# DIRECTIONS FOR THIS TASK
Your reply should set down word for word each line below from the one with "art. 62 VITELLO" through the final line, both included, but none of the pictures.

# WORKING DATA
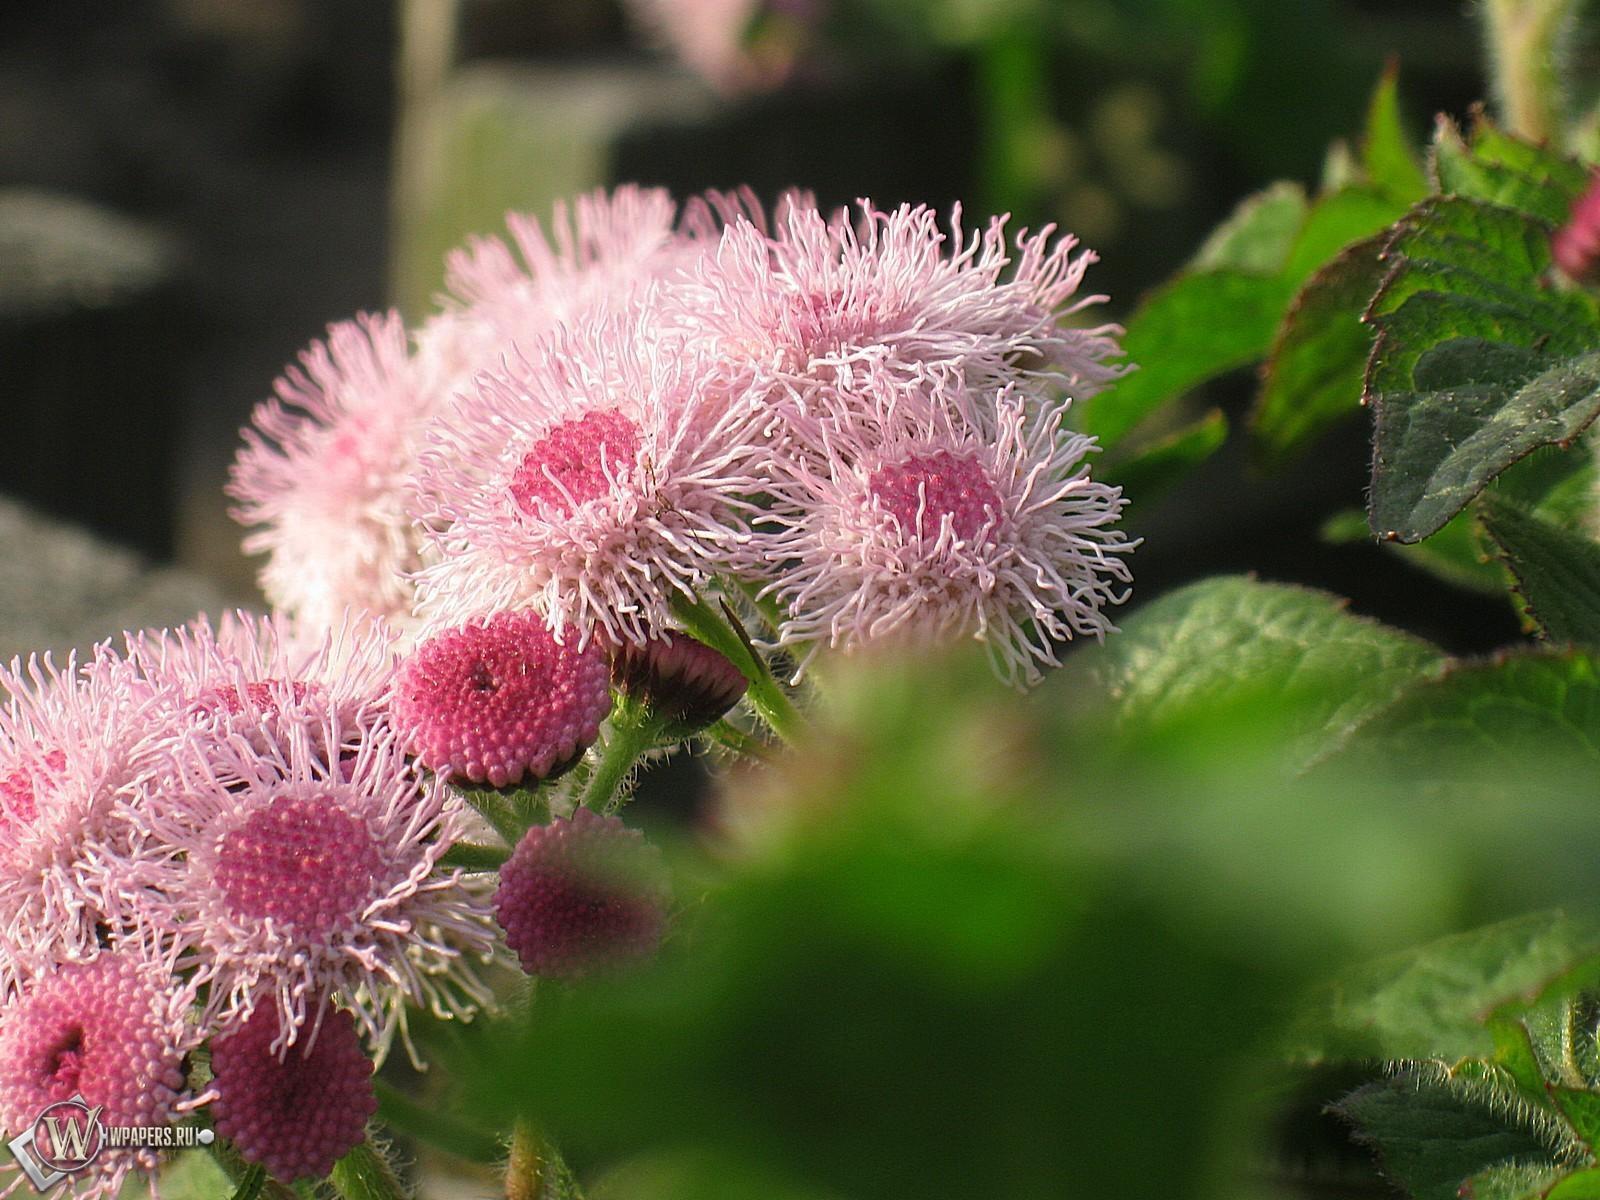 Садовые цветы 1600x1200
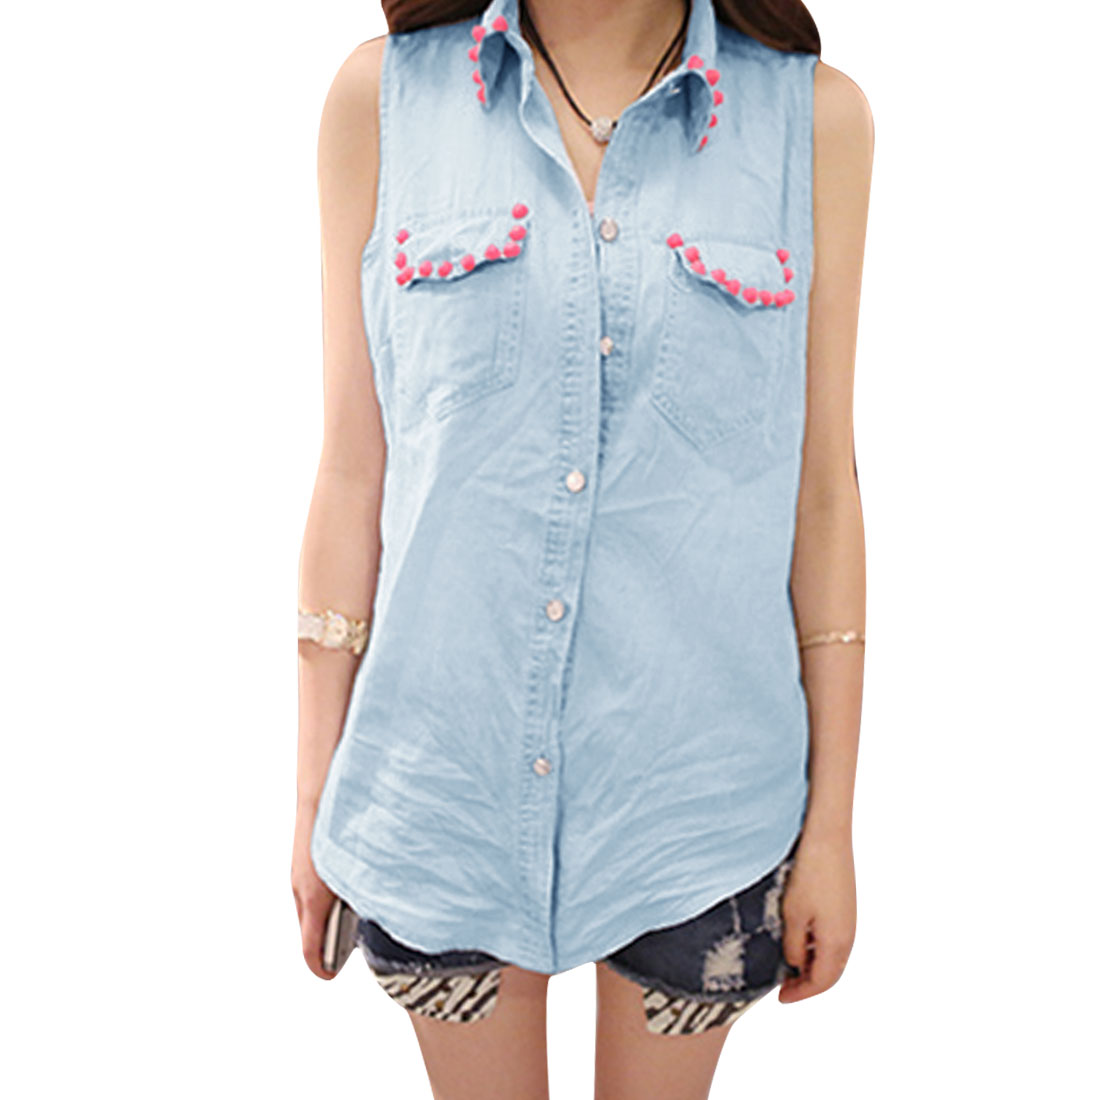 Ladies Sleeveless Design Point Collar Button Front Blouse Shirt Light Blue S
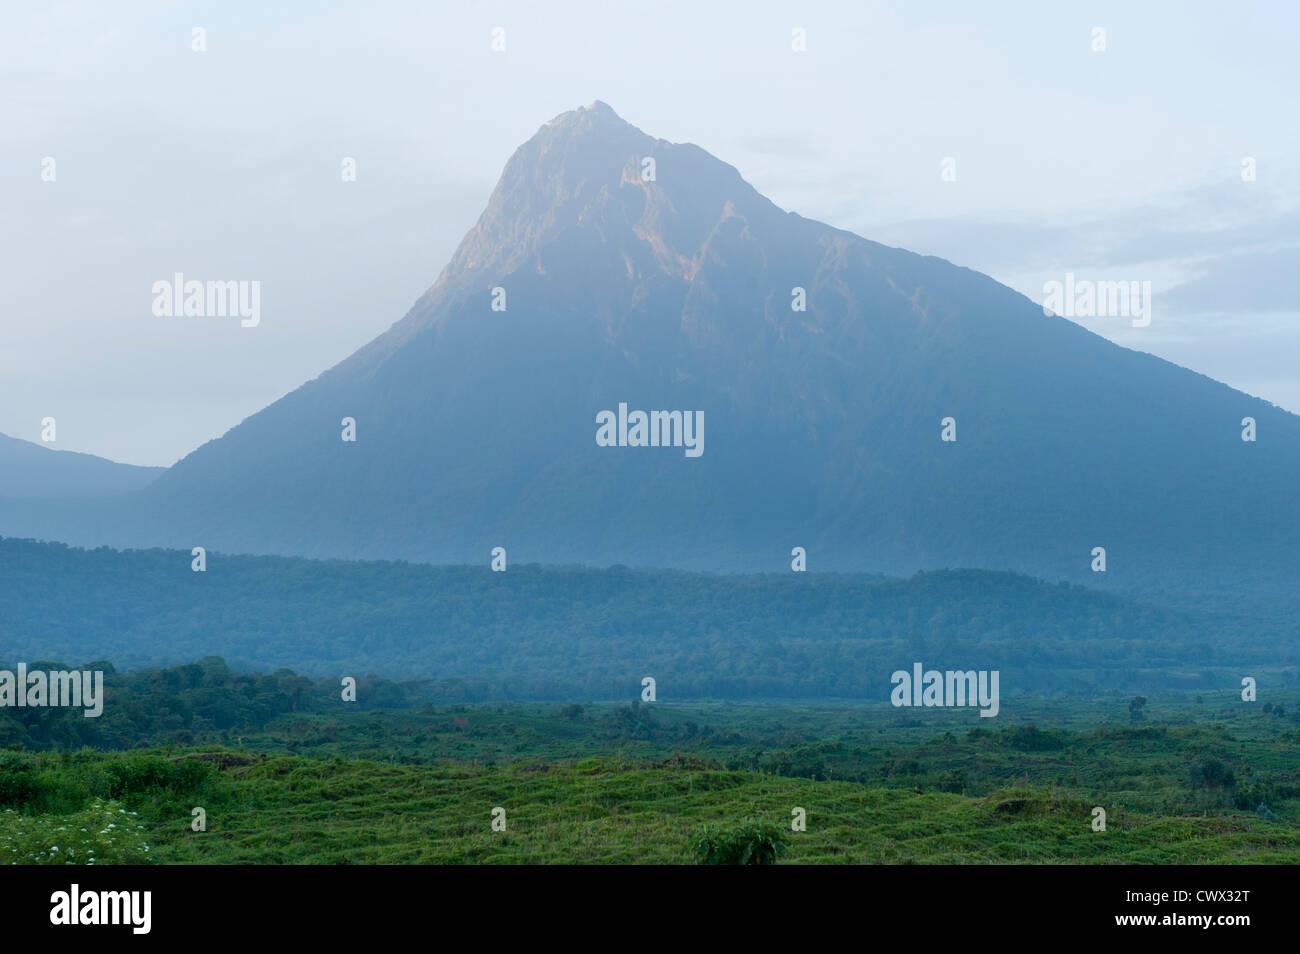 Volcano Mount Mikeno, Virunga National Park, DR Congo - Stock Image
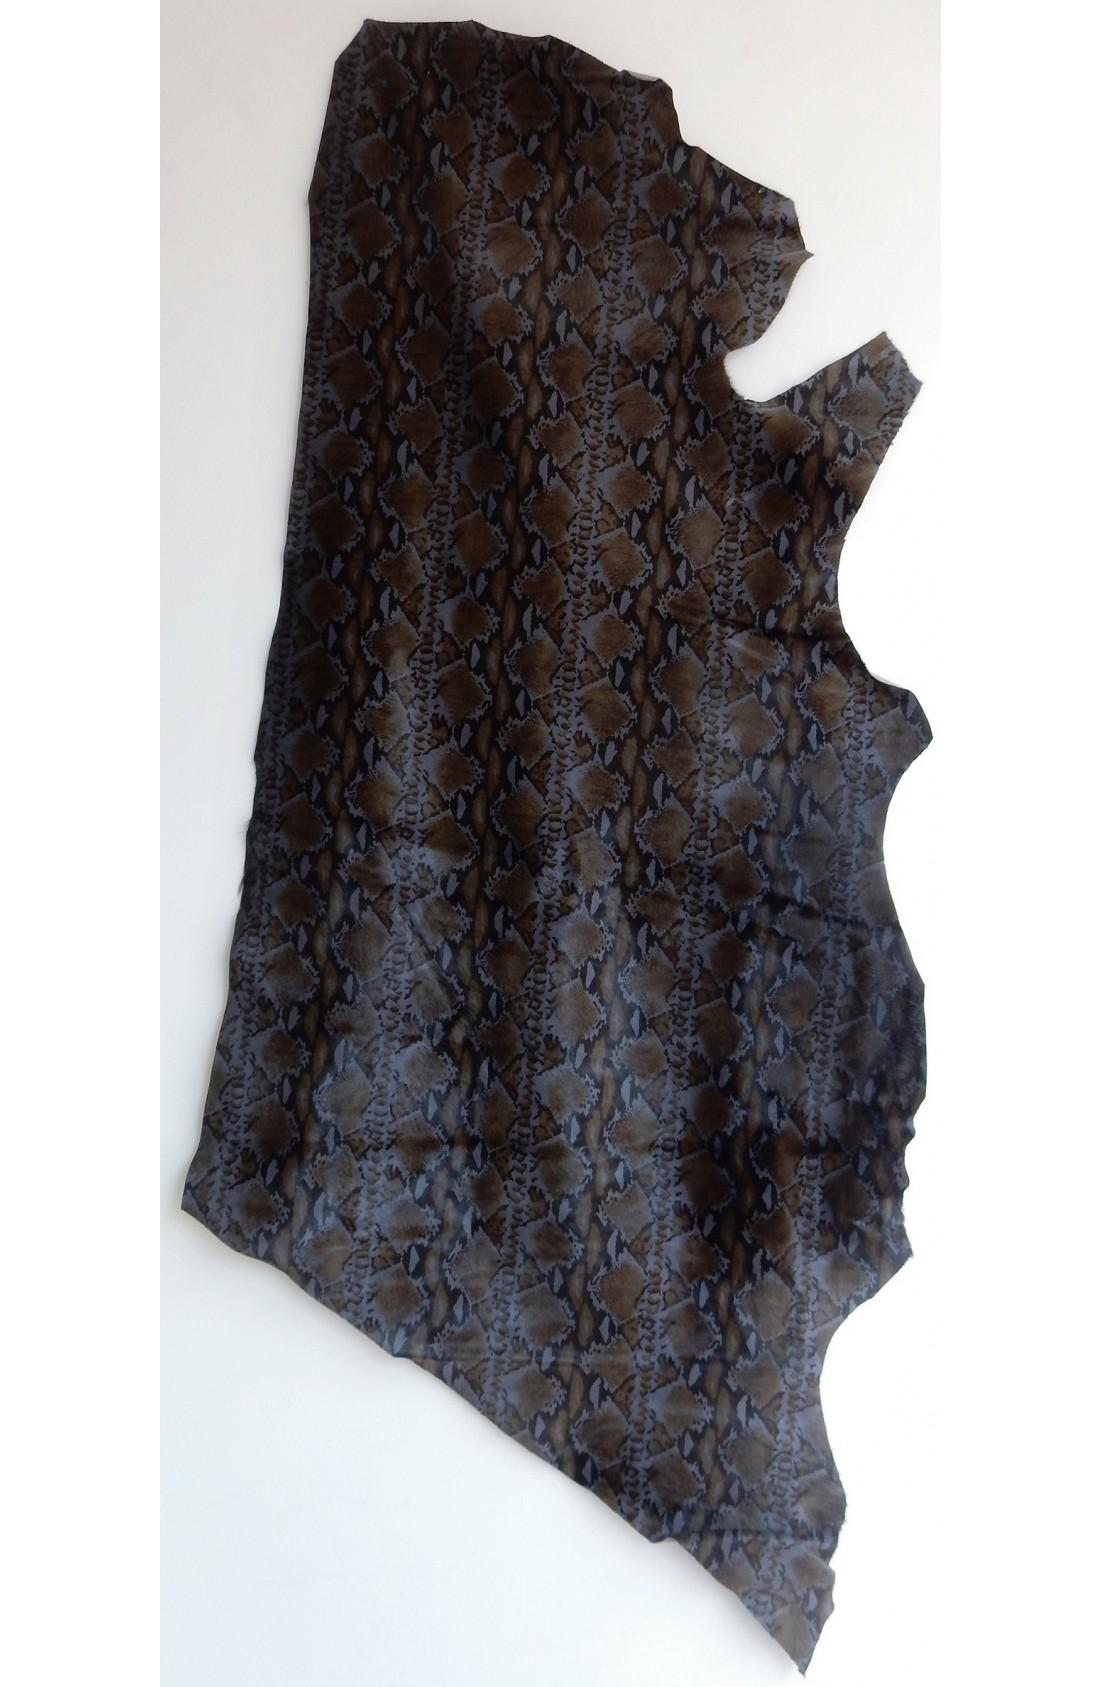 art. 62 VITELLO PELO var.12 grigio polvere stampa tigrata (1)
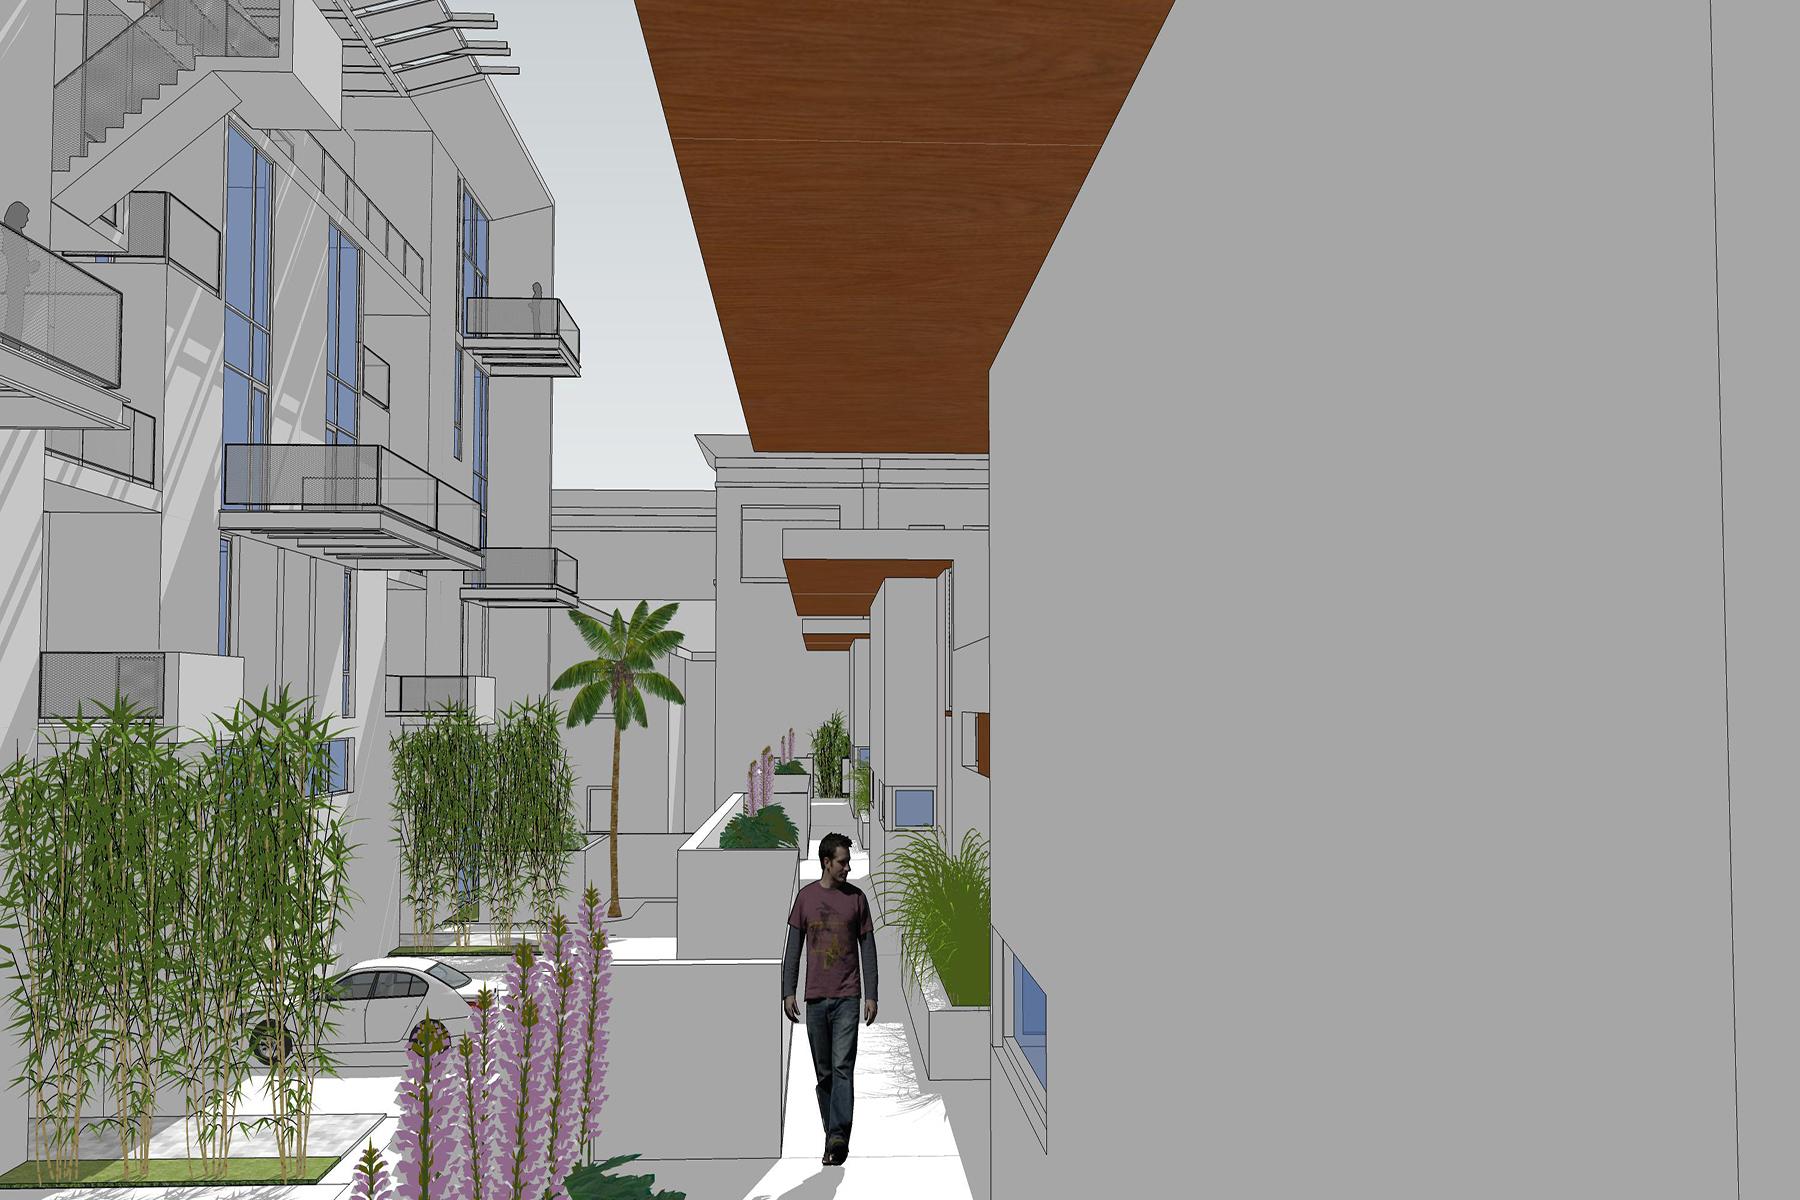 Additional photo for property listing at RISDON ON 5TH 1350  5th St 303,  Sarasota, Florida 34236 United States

# SOLUTION FOR THIS PROBLEM
 art. 62 VITELLO PELO var.12 grigio polvere stampa tigrata (1)
 Additional photo for property listing at RISDON ON 5TH 1350  5th St 303,  Sarasota, Florida 34236 United States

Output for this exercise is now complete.